Tulang panjang (Femur, Humerus) terdiri dari batang tebal panjang yang
disebut diafisis dan dua ujung yang disebut epifisis. Di sebelah proksimal dari epifisis
terdapat metafisis. Di antara epifisis dan metafisis terdapat daerah tulang rawan yang tumbuh,
yang disebut lempeng epifisis atau lempeng pertumbuhan. Tulang panjang tumbuh karena
akumulasi tulang rawan di lempeng epifisis. Tulang rawan digantikan oleh sel-sel tulang yang
dihasilkan oleh osteoblas, dan tulang memanjang. Batang dibentuk oleh jaringan tulang yang
padat. Epifisis dibentuk dari spongi bone (cancellous atau trabecular). Pada akhir tahun-tahun
remaja tulang rawan habis, lempeng epifisis berfusi, dan tulang berhenti tumbuh. Hormon
pertumbuhan,
estrogen,
dan
testosteron merangsang
pertumbuhan
tulang
panjang. Estrogen, bersama dengan testosteron, merangsang fusi lempeng epifisis. Batang
suatu tulang panjang memiliki rongga yang disebut kanalis medularis. Kanalis medularis
berisi sumsum tulang.
b. Tulang pendek (carpals) bentuknya tidak teratur dan inti dari cancellous (spongy) dengan
suatu lapisan luar dari tulang yang padat.
c. Tulang pendek datar (tengkorak) terdiri atas dua lapisan tulang padat dengan lapisan luar
adalah tulang concellous.
d. Tulang yang tidak beraturan (vertebrata) sama seperti dengan tulang pendek.
e. Tulang sesamoid merupakan tulang kecil, yang terletak di sekitar tulang yang berdekatan
dengan persediaan dan didukung oleh tendon dan jaringan fasial, misalnya patella (kap lutut).
Tulang tersusun atas sel, matriks protein dan deposit mineral. Sel-selnya terdiri atas tiga jenis
dasar-osteoblas, osteosit dan osteoklas. Osteoblas berfungsi dalam pembentukan
tulang dengan mensekresikan matriks tulang. Matriks tersusun atas 98% kolagen dan 2%
subtansi dasar (glukosaminoglikan, asam polisakarida) dan proteoglikan). Matriks merupakan
kerangka dimana garam-garam mineral anorganik ditimbun. Osteosit adalah sel dewasa yang
terlibat dalam pemeliharaan fungsi tulang dan terletak dalam osteon (unit matriks
tulang ). Osteoklas adalah sel multinuclear ( berinti banyak) yang berperan dalam
penghancuran, resorpsi dan remosdeling tulang.
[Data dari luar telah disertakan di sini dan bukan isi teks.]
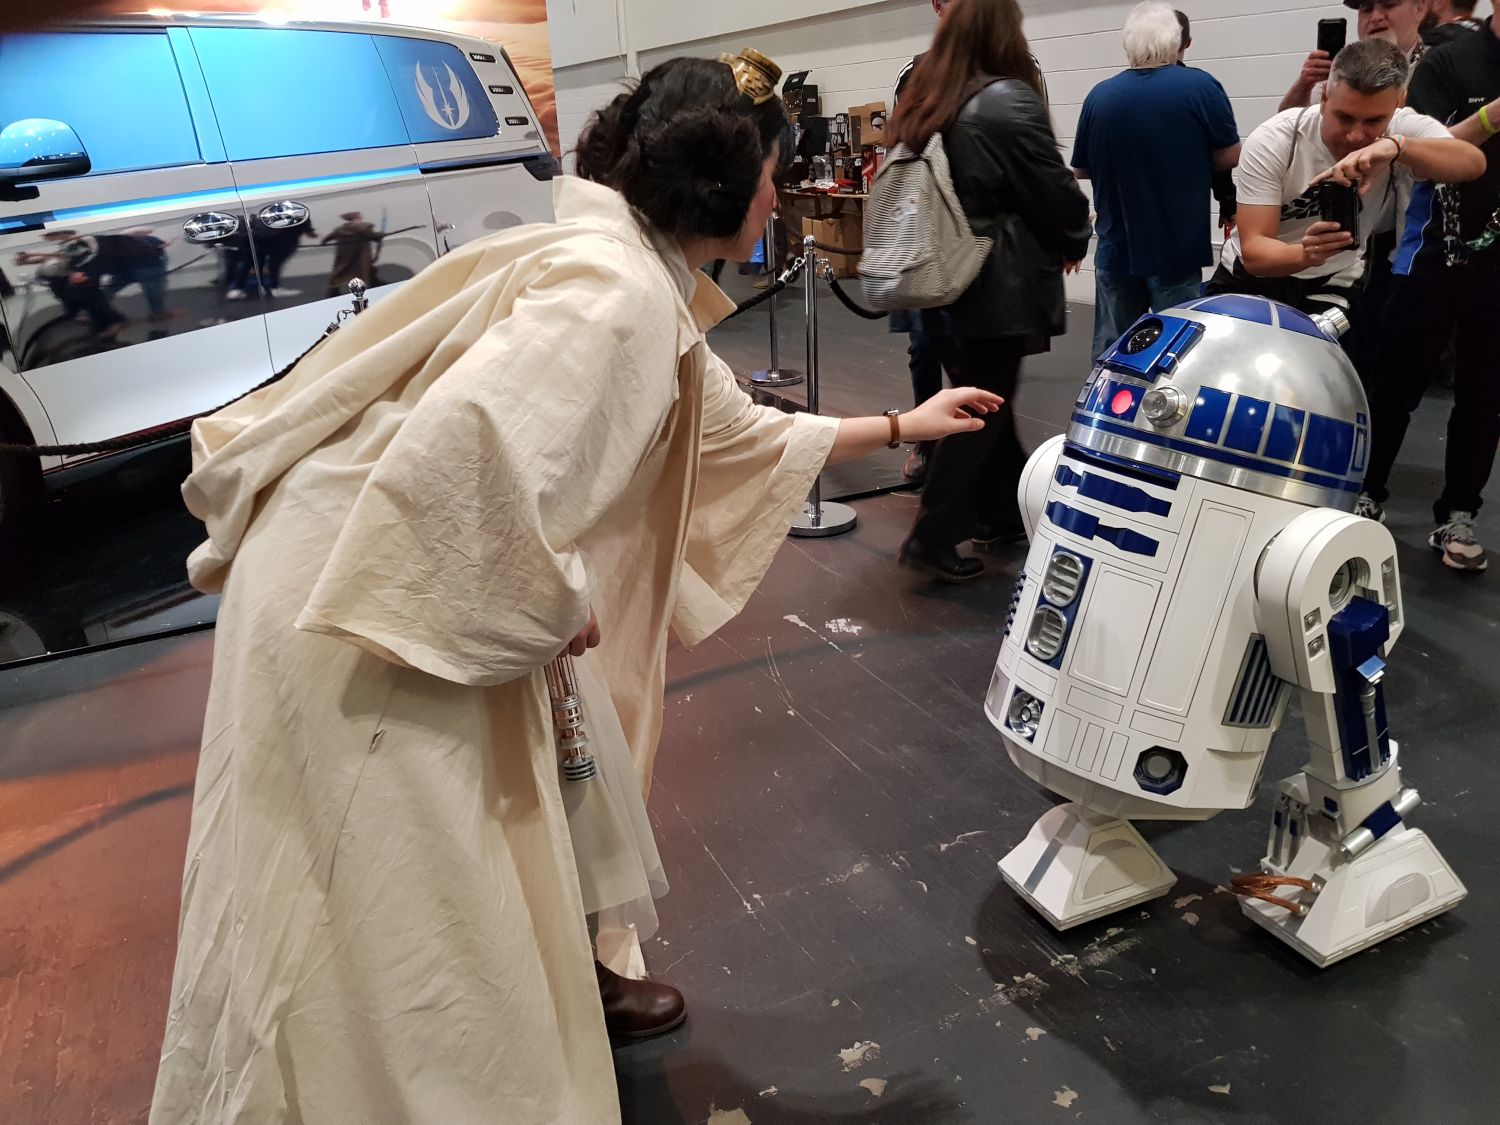 A nagy találkozások egyike - Leia hercegnő és R2-D2.
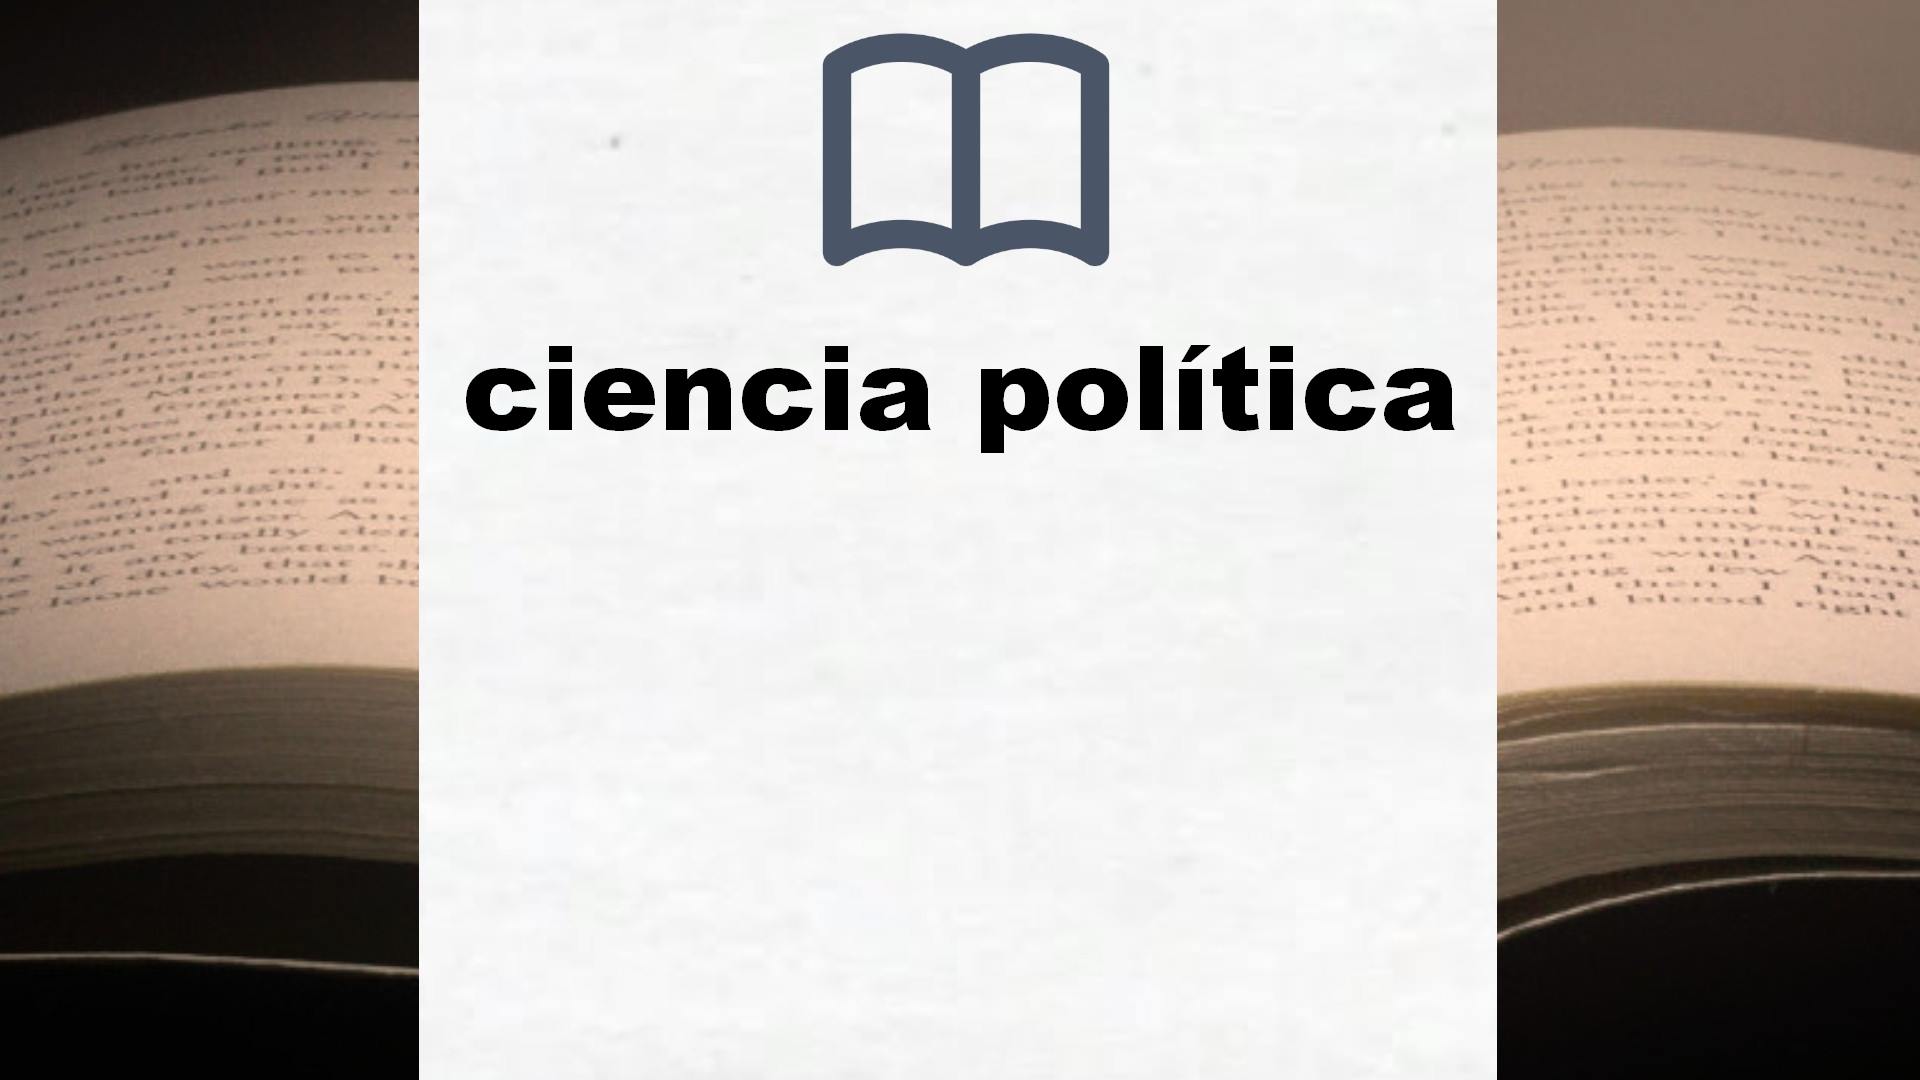 Libros sobre ciencia política

Osteon merupakan unik fungsional mikroskopis tulang dewasa. Ditengah osteon
terdapat kapiler. Dikelilingi kapiler tersebut merupakan matriks tulang yang
dinamakan lamella. Didalam lamella terdapat osteosit, yang memperoleh nutrisi melalui
prosesus yang berlanjut kedalam kanalikuli yang halus (kanal yang menghubungkan dengan
pembuluh darah yang terletak sejauh kurang dari 0,1 mm).
Tulang diselimuti dibagian oleh membran fibrous padat dinamakan periosteum.
Periosteum memberi nutrisi ke tulang dan memungkinkannya tumbuh, selain sebagai tempat
perlekatan tendon dan ligamen. Periosteum mengandung saraf, pembuluh darah, dan limfatik.
Lapisan yang paling dekat dengan tulang mengandung osteoblast, yang merupakan sel
pembentuk tulang.

Endosteum adalah membran vaskuler tipis yang menutupi rongga sumsum tulang
panjang dan rongga-rongga dalam tulang kanselus. Osteoklast , yang melarutkan tulang untuk
memelihara rongga sumsum, terletak dekat endosteum dan dalam lacuna Howship (cekungan
pada permukaan tulang).
Struktur tulang dewasa terdiri dari 30 % bahan organik (hidup) dan 70 % endapan
garam. Bahan organik disebut matriks, dan terdiri dari lebih dari 90 % serat kolagen dan
kurang dari 10 % proteoglikan (protein plus sakarida). Deposit garam terutama
adalah kalsium dan fosfat, dengan sedikit natrium, kalium karbonat, dan ion magnesium.
Garam-garam menutupi matriks dan berikatan dengan serat kolagen melalui proteoglikan.
Adanya bahan organik menyebabkan tulang memiliki kekuatan tensif (resistensi terhadap
tarikan yang meregangkan). Sedangkan garam-garam menyebabkan tulang memiliki
kekuatan kompresi (kemampuan menahan tekanan).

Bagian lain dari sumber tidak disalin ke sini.